While machine learning (ML) models exhibit promise in advanced disease stages such as sepsis, early stages remain underexplored due to data limitations. Biochemical markers emerge as pivotal predictors during early stages such as bacteraemia, or bloodstream infections, while vital signs assume significance in sepsis prognosis. Integrating temporal trend information into conventional machine learning models appears to enhance performance. Unfortunately, sequential deep learning models face challenges, showing minimal performance improvements and significant drops in external datasets, potentially due to learning missing patterns within the scarce data available rather than understanding disease dynamics. Real-life implementation receives limited attention, as meeting design requirements proves challenging within existing healthcare infrastructure. The data collected in an event-based fashion during clinical practice is insufficient to fully harness the potential of these data-hungry models. Despite limitations, opportunities abound in leveraging flexible models and exploiting real-time non-invasive data collection technologies such as wearable devices or microneedles. Addressing research gaps in early disease stages, harnessing patient history data often underused, and embracing continual diagnostics beyond treatment initiation are crucial for improving healthcare decision-making support and adoption across the entire management pathway.

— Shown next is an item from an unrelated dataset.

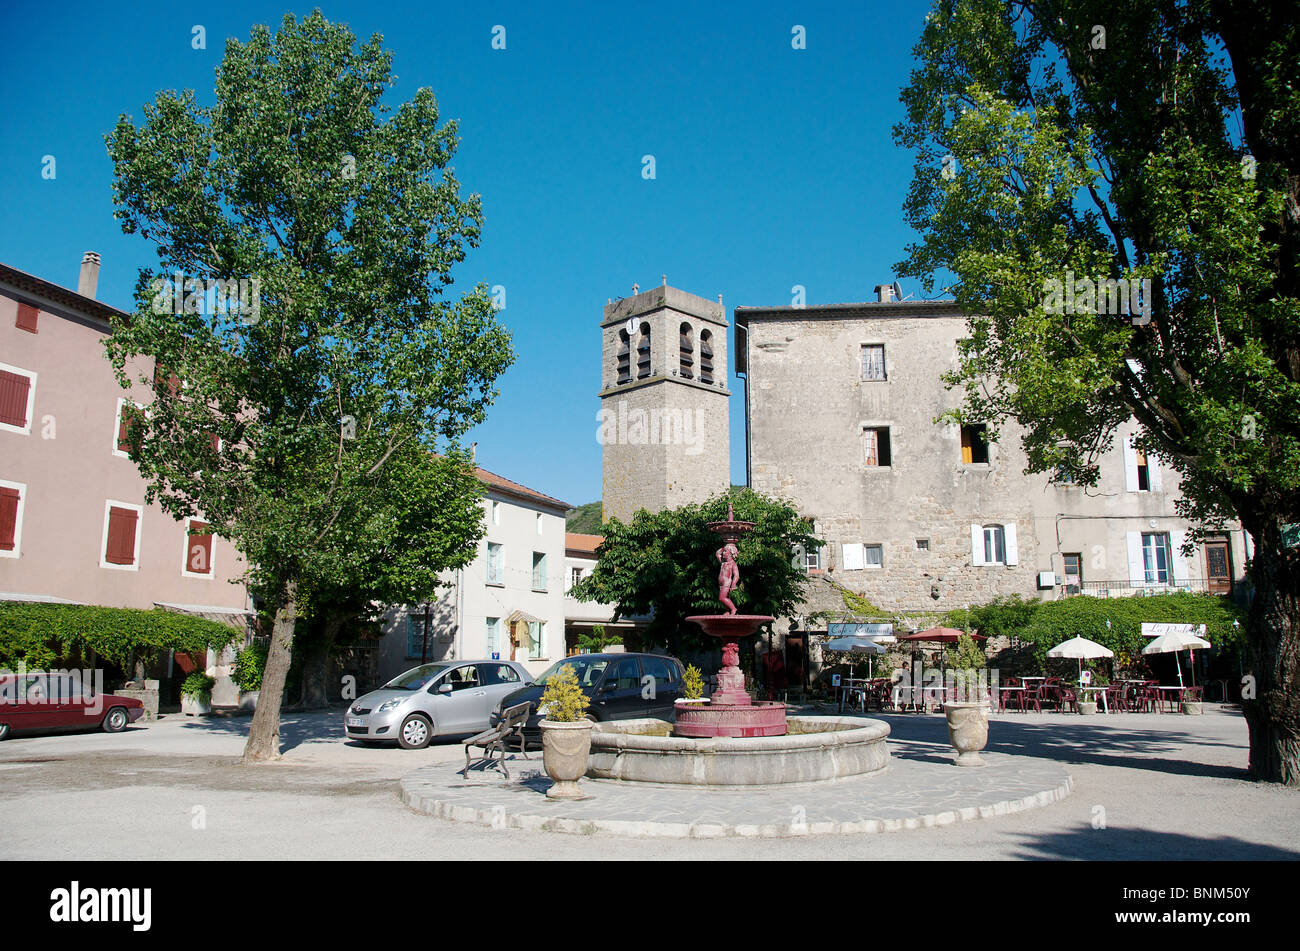 village, square, Antraigues sur Volane, Ardeche, France Stock Photo - Alamy
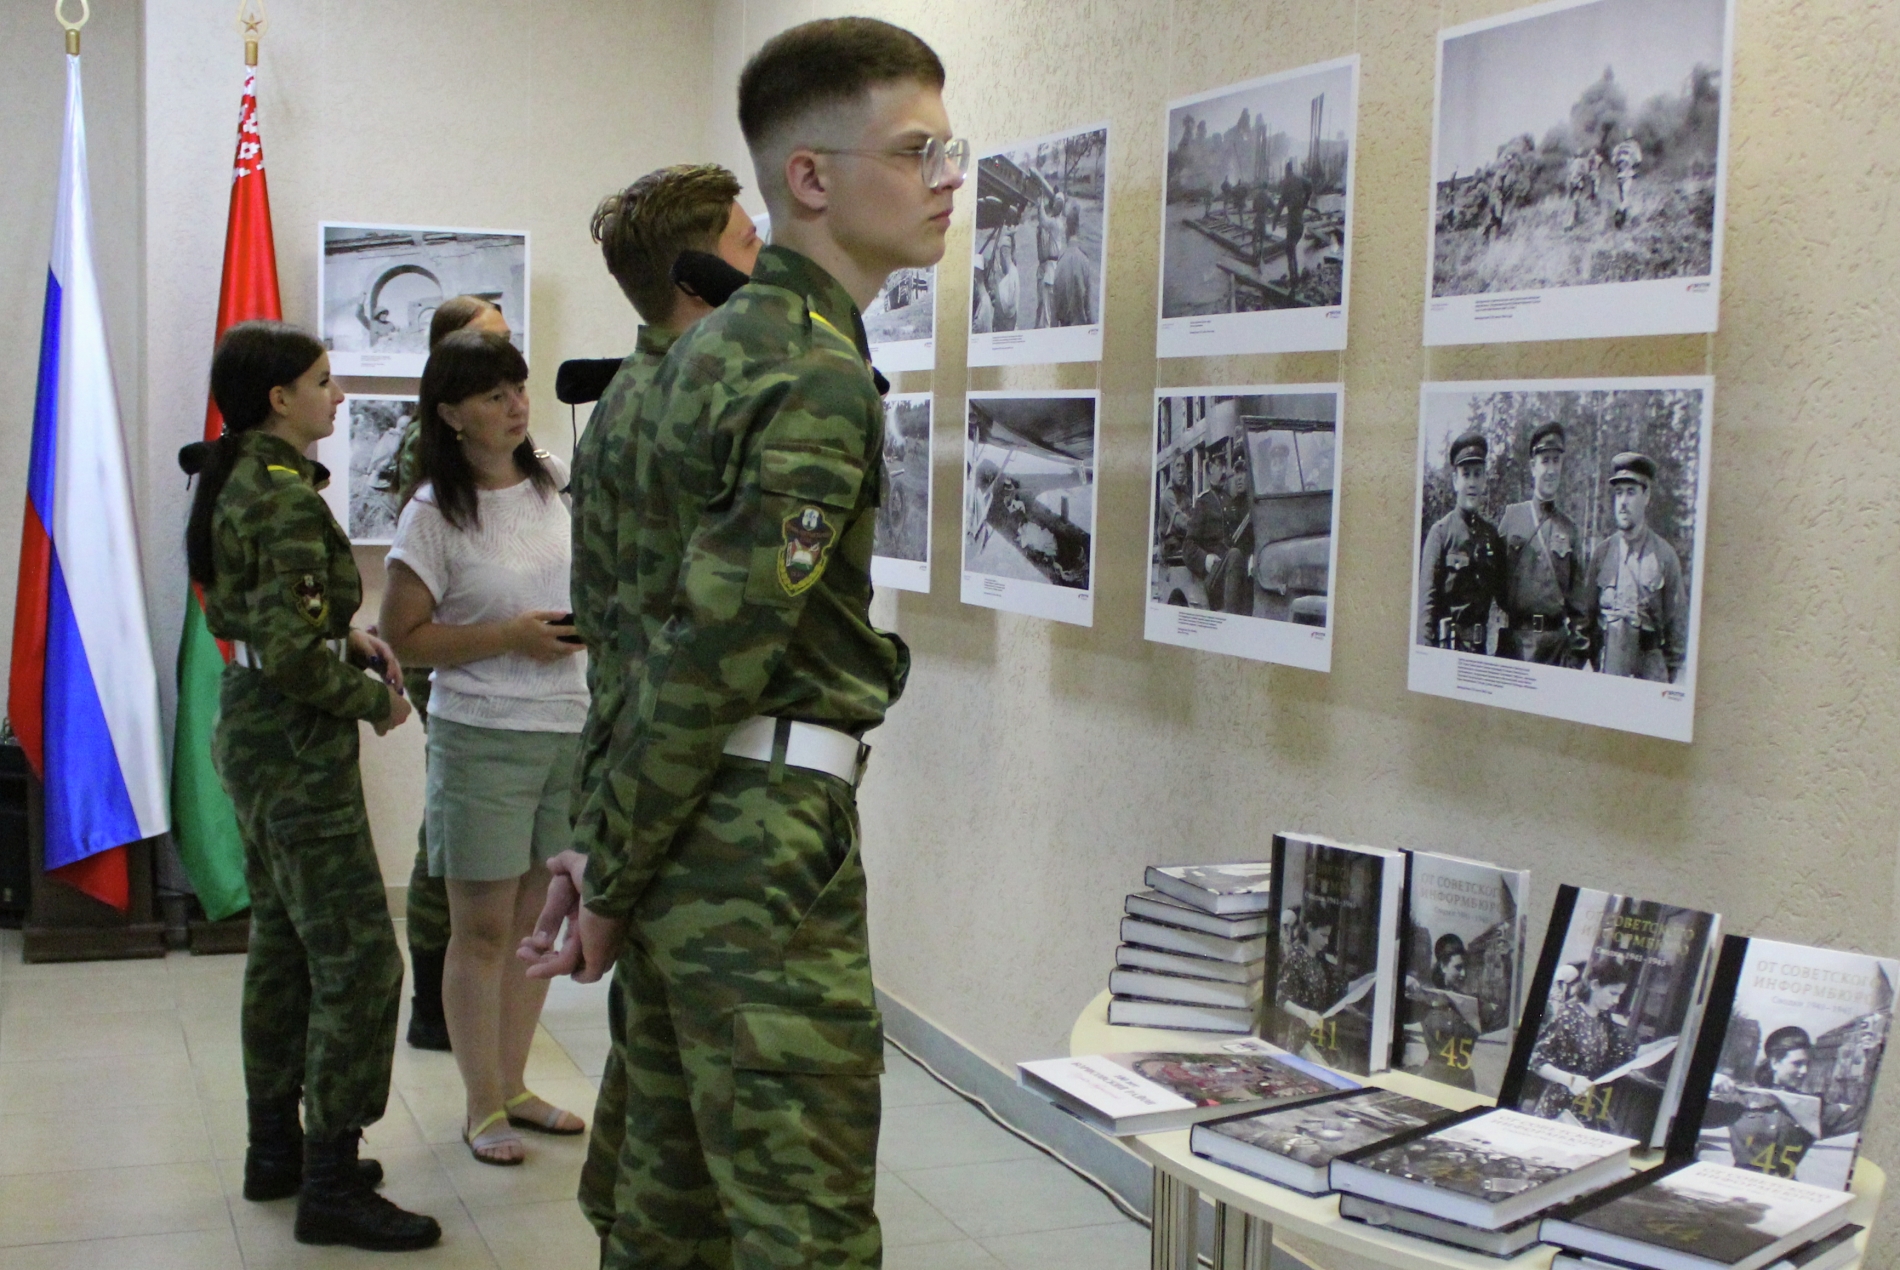 Фотовыставки "Освобождение. Путь к Победе" проходят в Минске и Борисове

This comprehensive survey illuminates the landscape of ML applications in blood-related infection management, offering insights for future research and clinical practice. Implementing clinical ML-based clinical decision support systems requires balancing research with practical considerations. Current methodologies often lead to complex models lacking transparency and practical validation. Integration into healthcare systems faces regulatory, privacy, and trust challenges. Clear presentations and adherence to standards are essential to boost confidence in machine learning models for real-world healthcare applications.
血液相关感染是医疗保健领域的一个重大问题。如果不及时诊断和治疗,它们可能导致严重的医疗并发症甚至死亡。长期以来,医学研究一直在寻求确定临床因素和策略,以改善对这些病症的管理。电子健康记录的日益普及带来了大量可电子获取的医疗信息,预测模型已成为宝贵的工具。本文详细综述了用于菌血症、血流感染和脓毒症诊断及预后的机器学习技术,阐明了它们的功效、潜在局限性以及将其整合到临床实践中的复杂性。
本研究对知名数据库(即EMBASE、谷歌学术、PubMed、Scopus和科学网)进行了全面检索,涵盖从其创建日期到2023年10月25日的文献,从而进行综合分析。研究人员独立进行资格评估,纳入标准包括同行评审文章和相关的非同行评审文献。精心提取临床和技术数据并整合到一个登记册中,以便对主题进行全面审查。为了保持时效性和全面性,鼓励读者提供稿件建议和/或报告,以便纳入这个动态更新的登记册。
虽然机器学习(ML)模型在脓毒症等疾病晚期显示出前景,但由于数据限制,早期阶段仍未得到充分探索。生化标志物在菌血症或血流感染等早期阶段是关键的预测指标,而生命体征在脓毒症预后中具有重要意义。将时间趋势信息整合到传统机器学习模型中似乎可以提高性能。不幸的是,序列深度学习模型面临挑战,在外部数据集中表现出最小的性能提升和显著下降,这可能是由于在可用的稀缺数据中学习缺失模式,而不是理解疾病动态。实际应用受到的关注有限,因为在现有医疗基础设施内满足设计要求具有挑战性。临床实践中以事件为基础收集的数据不足以充分发挥这些数据饥渴型模型的潜力。尽管存在局限性,但在利用灵活模型和开发可穿戴设备或微针等实时非侵入性数据收集技术方面仍有很多机会。解决疾病早期阶段的研究差距、利用经常未被充分利用的患者病史数据以及在治疗开始后采用持续诊断对于改善整个管理路径中的医疗决策支持和应用至关重要。
这项全面综述阐明了ML在血液相关感染管理中的应用情况,为未来研究和临床实践提供了见解。实施基于ML的临床决策支持系统需要在研究与实际考虑之间取得平衡。当前的方法往往导致缺乏透明度和实际验证的复杂模型。整合到医疗系统面临监管、隐私和信任方面的挑战。清晰的展示和遵守标准对于增强机器学习模型在现实世界医疗应用中的信心至关重要。